One of Thistle's institutional shareholders said: "We are very disappointed with Thistle. It has been a lousy investment since it floated and we are not happy."
Industry sources suggest Thistle may now be a bid target or that rivals could look to buy a large stake in the group. Brierley Investments, the New Zealand-based investment group, and the Singapore government own about two-thirds of the company and are allowed to sell their shares any time from next month.
One leading analyst said yesterday: "Thistle was overhyped at flotation. The share price fall makes it more likely that rivals will look at Thistle and there will be some corporate activity."
Bruce Jones, analyst at the group's house broker, Merrill Lynch, said: "There is no doubt that the London hotel market will slow down by 1998 due to the cyclical economy and the strength of the pound. Occupancy rates are already showing signs of peaking."
He has downgraded Thistle's profit forecasts by pounds 10m to pounds 80m for the current year.
Thistle announced a 9 per cent rise in operating profits to pounds 55m for the six months to July but warned that operating profits for the financial year would only be "slightly above that achieved in the first half''.

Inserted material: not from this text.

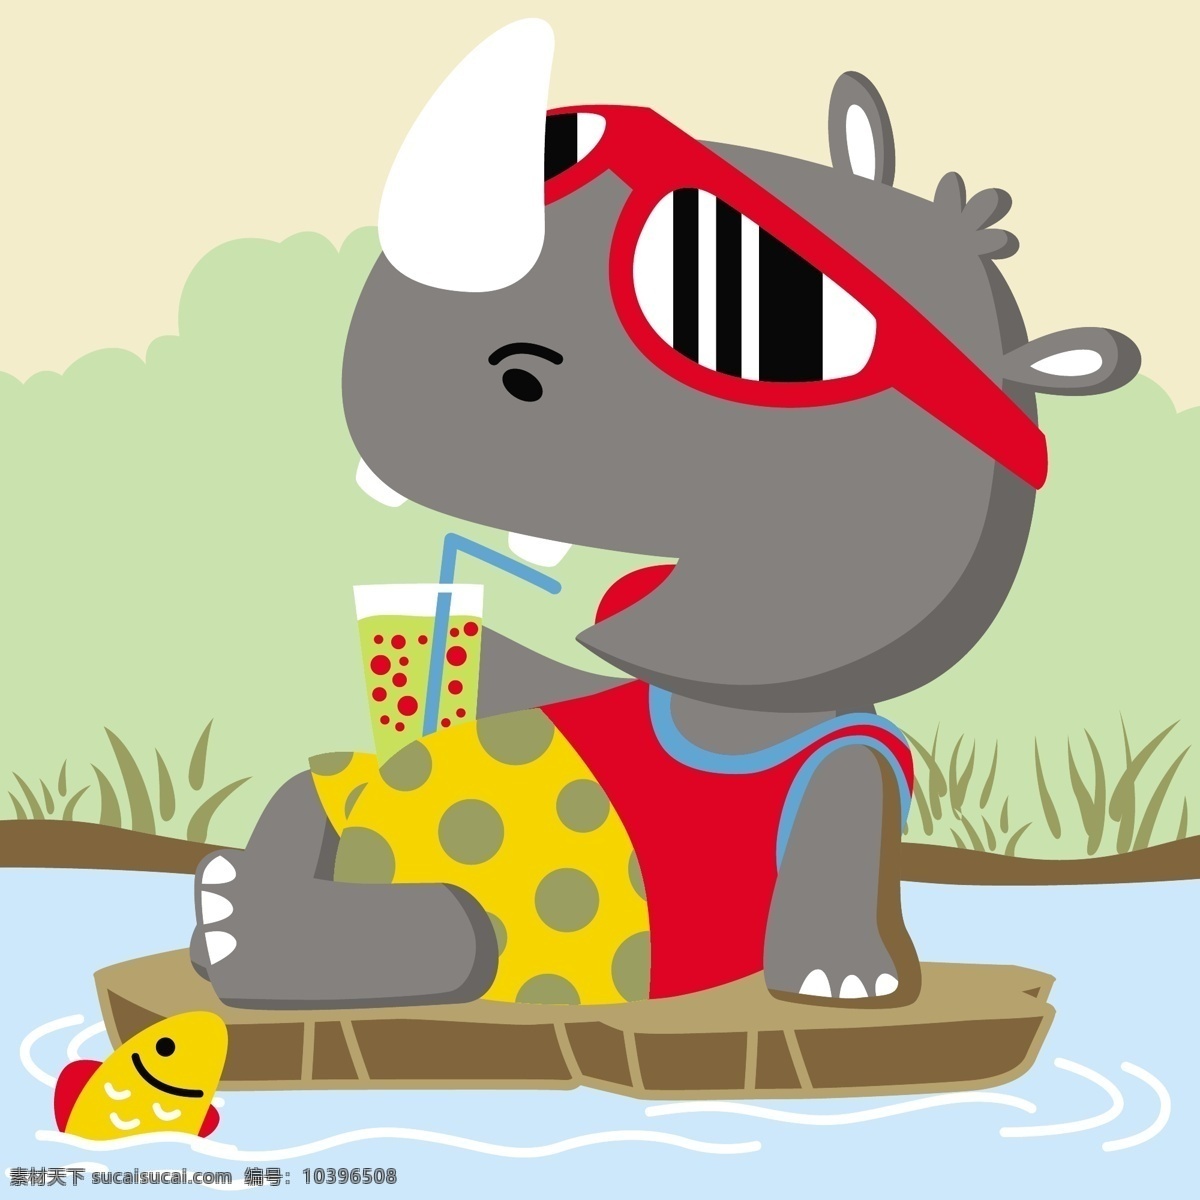 犀牛 河 上 喝 饮料 动漫 可爱 图 手绘 儿童动漫 犀牛喝饮料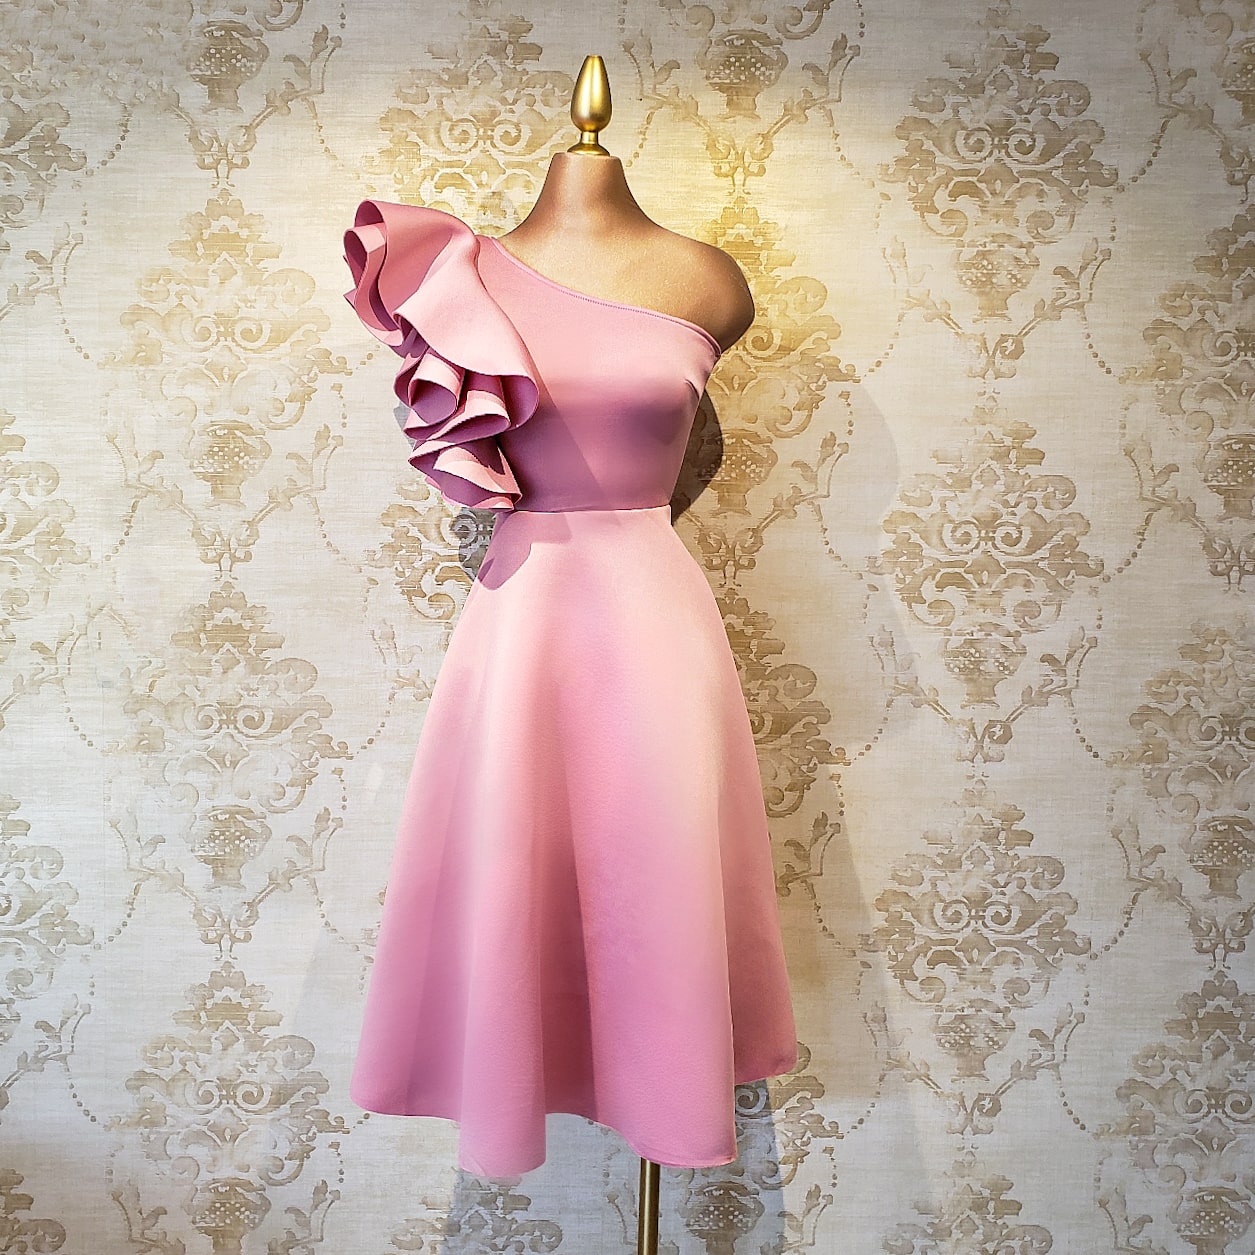 Vestido Rosa Corto Ajustado Elegante 1 Hombro - Almudena Boutique - Ropa  para mujer, Vestidos cortos, de noche y para novias

Robert Peel, Thistle's chief executive, said: "I am obviously disappointed for our shareholders. We did not do as well as hoped. However our strategy has not changed."
Mr Peel denied that administration costs were getting out of control after they jumped 18 per cent to pounds 7.9m in the first half. He said most of the increase was due to one-off costs associated with the group's flotation last year and a pounds 300,000 increase in directors' pay. Thistle also launched a pounds 450,000 marketing campaign to attract customers from America after fears that the rising pound would hit custom.
However its initiatives were not enough to stop revenue from Japanese and European customers falling sharply due to sterling's strength.